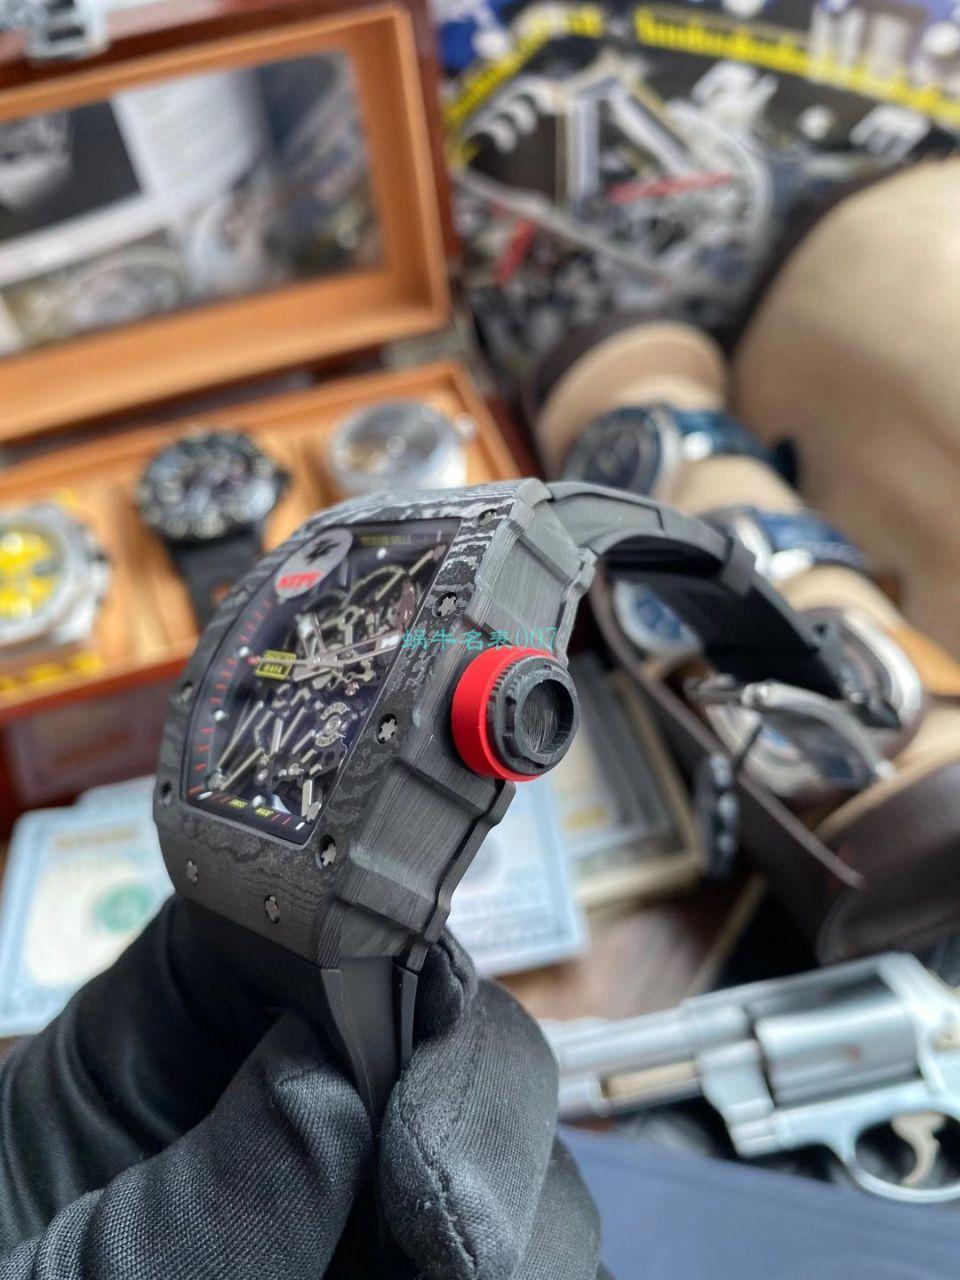 【视频评测】ZF厂1比1复刻理查德米勒Richard Mille V3版本RM 35-02手表 / ZFRM035-02V3
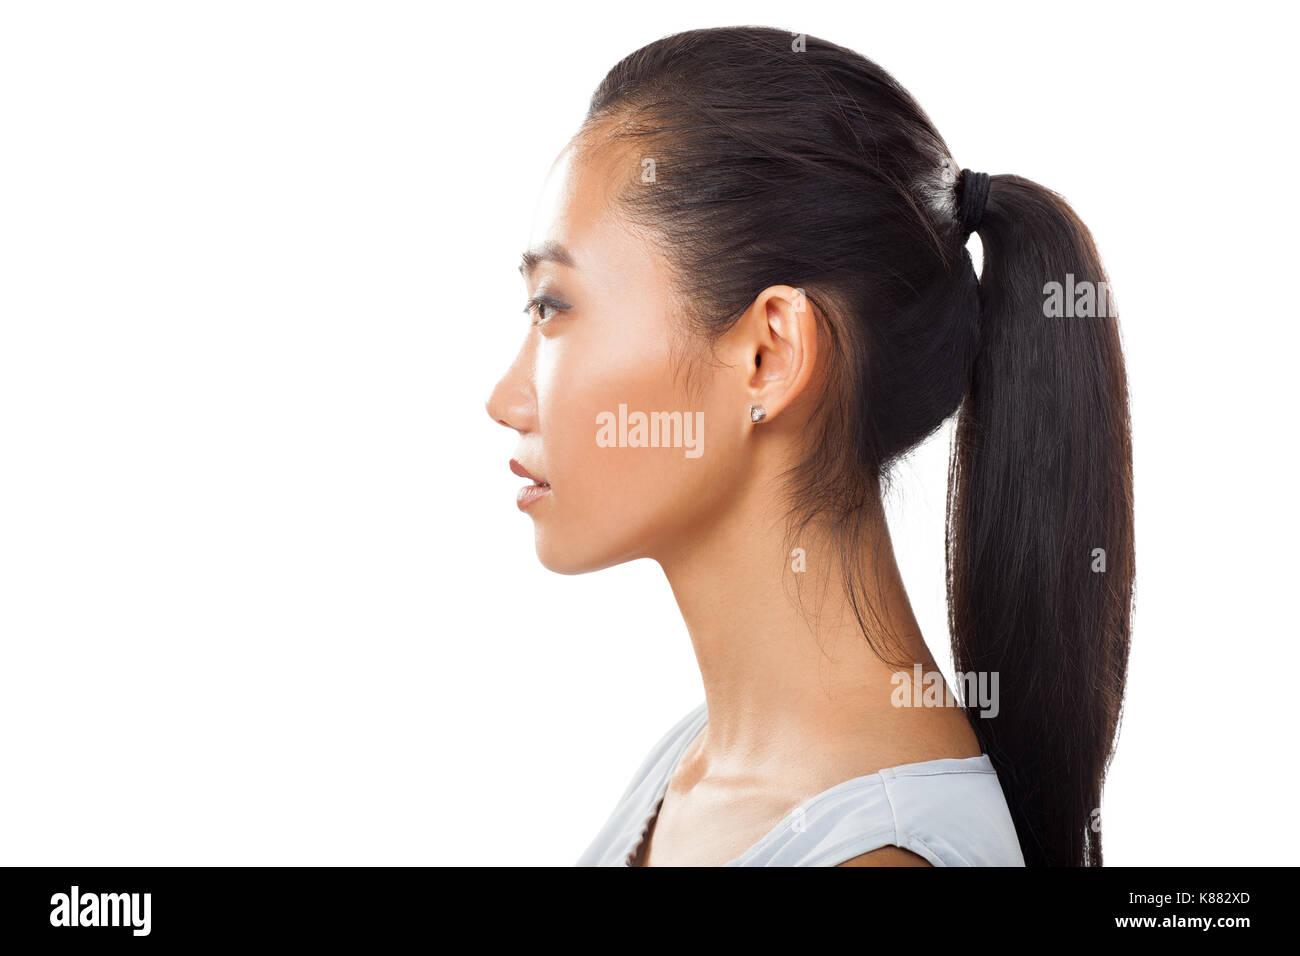 Closeup Portrait von Asiatische junge Frau im Profil mit Pferdeschwanz.  Studio Foto hübsches Mädchen mit Gegerbten frische Haut und dunklen Haaren  für ... a66ad799ec
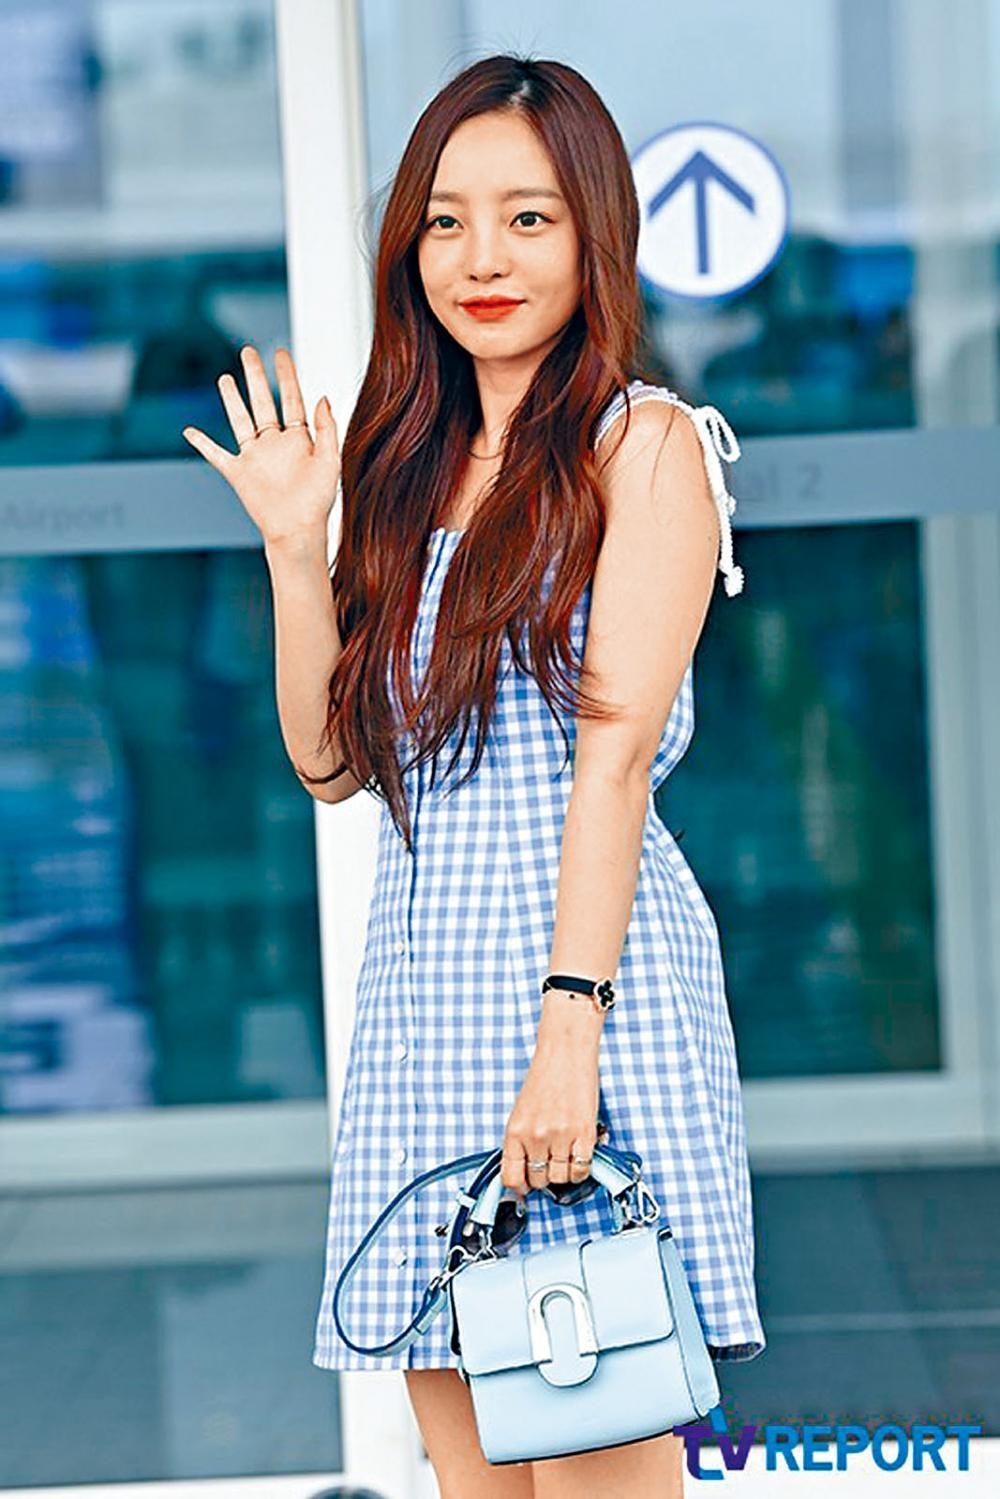 韓國女星具荷拉驚傳自殺,事前於社交網發文吐苦水及向粉絲說「再見」。
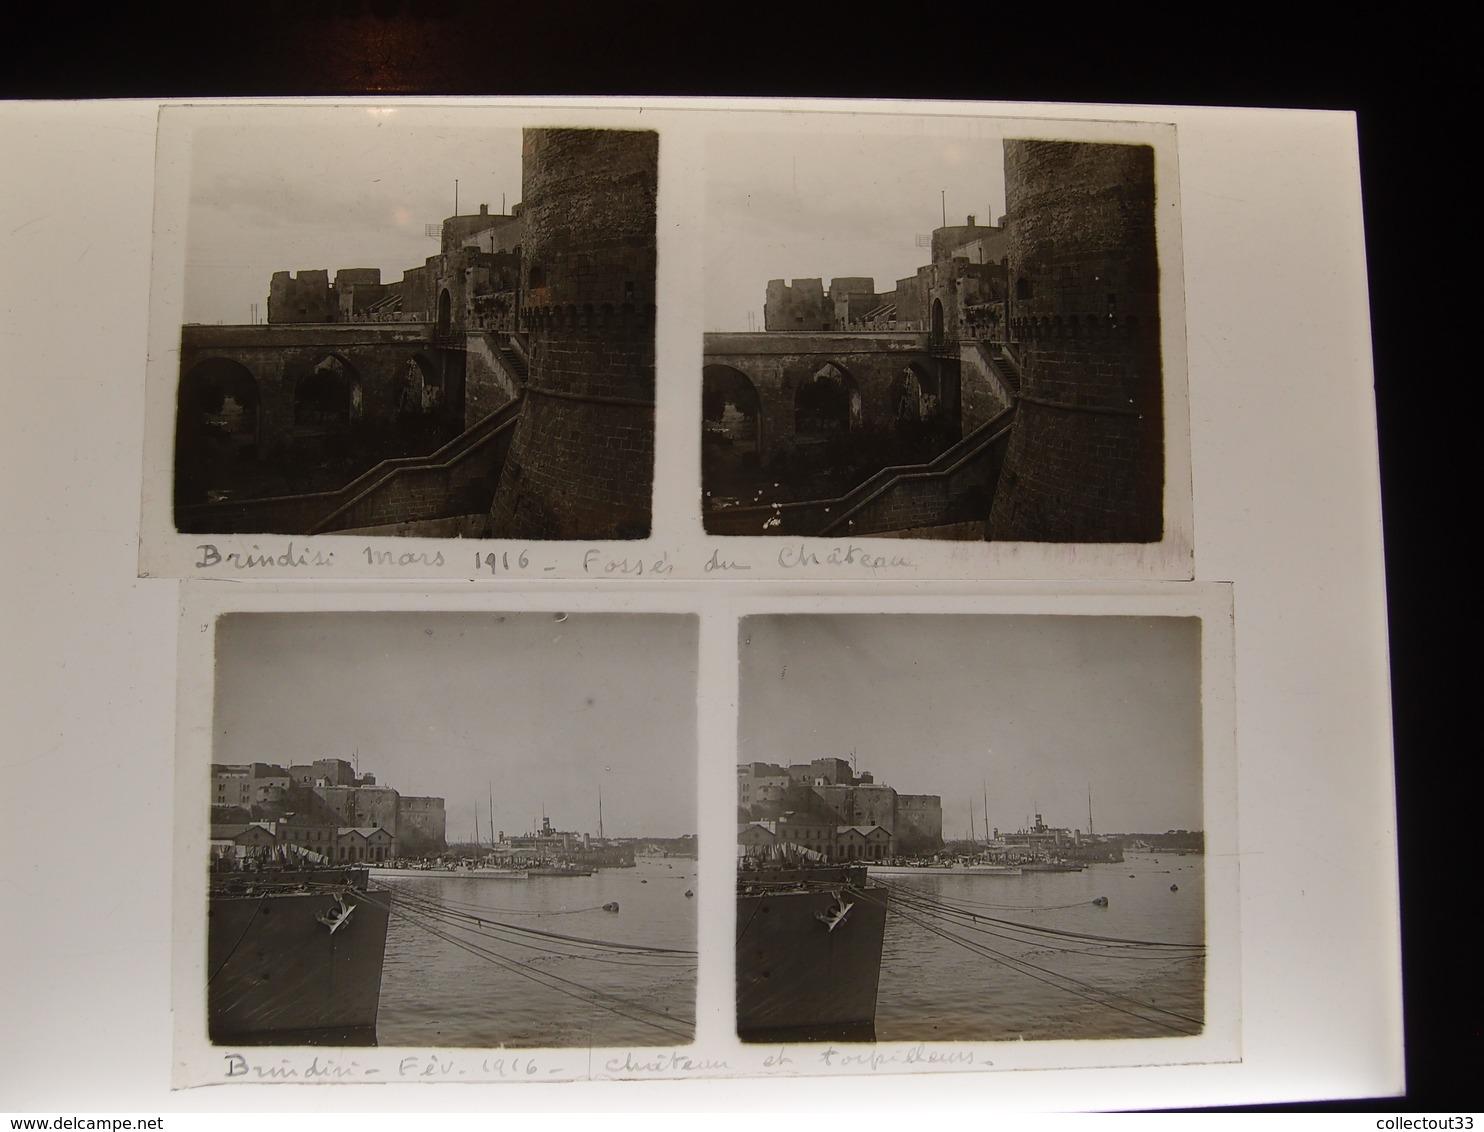 2 Plaques De Verre Stéréoscopiques Italie Brindisi 1916  Chateau Et Torpilleurs Marine Nationale - Diapositivas De Vidrio
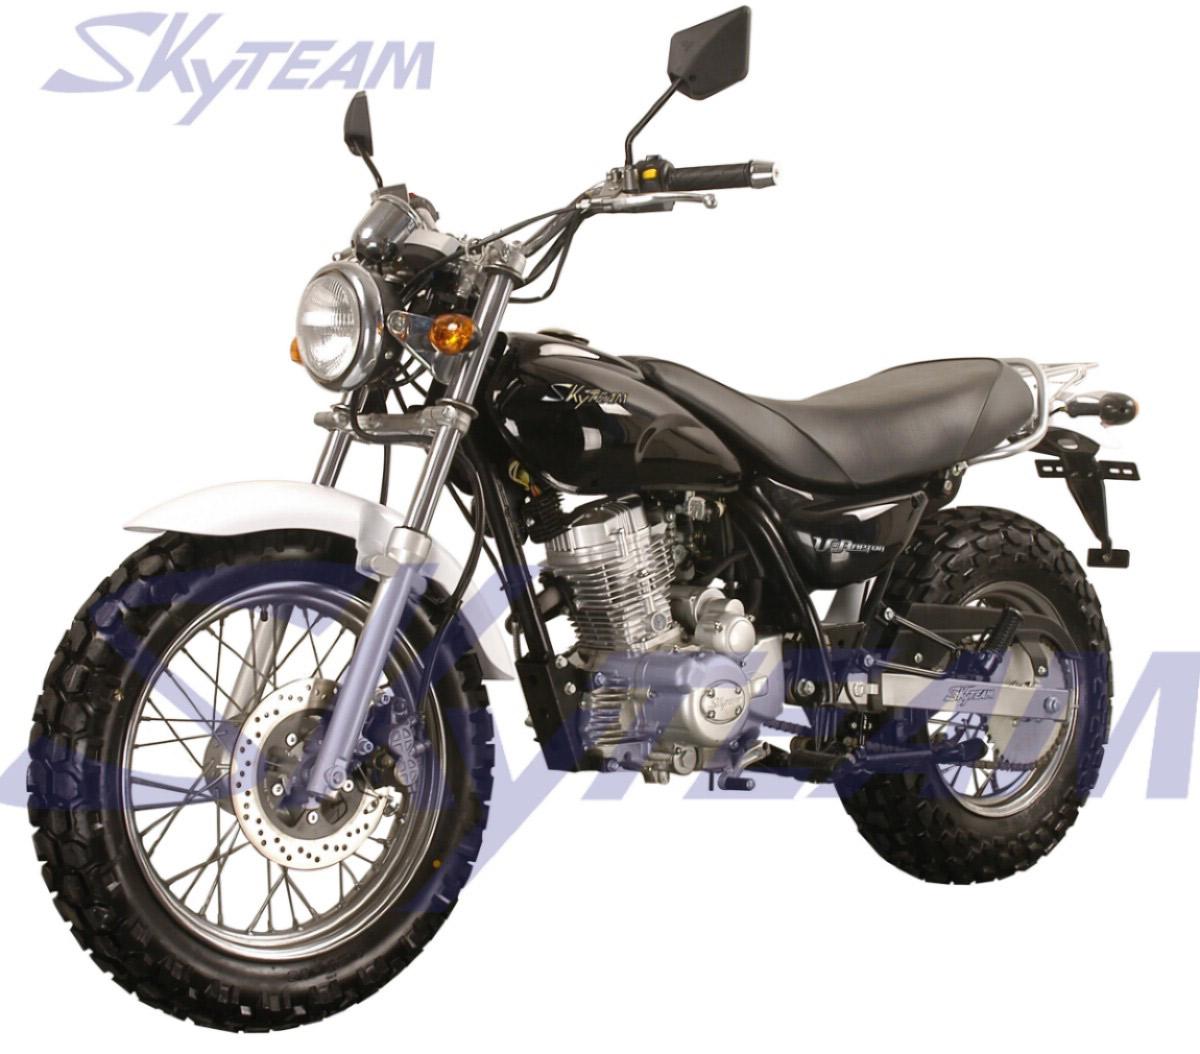 skyteam v raptor 125cc 4

--*--

▸ **What the task asks**
Any images must be dropped; all other material is to be printed exactly.

▸ **Answer box**
 【视频评测】ZF厂1比1复刻理查德米勒Richard Mille V3版本RM 35-02手表 / ZFRM035-02V3
 Closeup Portrait von Asiatische junge Frau im Profil mit Pferdeschwanz.  Studio Foto hübsches Mädchen mit Gegerbten frische Haut und dunklen Haaren  für ... a66ad799ec
 韓國女星具荷拉驚傳自殺,事前於社交網發文吐苦水及向粉絲說「再見」。
 2 Plaques De Verre Stéréoscopiques Italie Brindisi 1916  Chateau Et Torpilleurs Marine Nationale - Diapositivas De Vidrio
 skyteam v raptor 125cc 4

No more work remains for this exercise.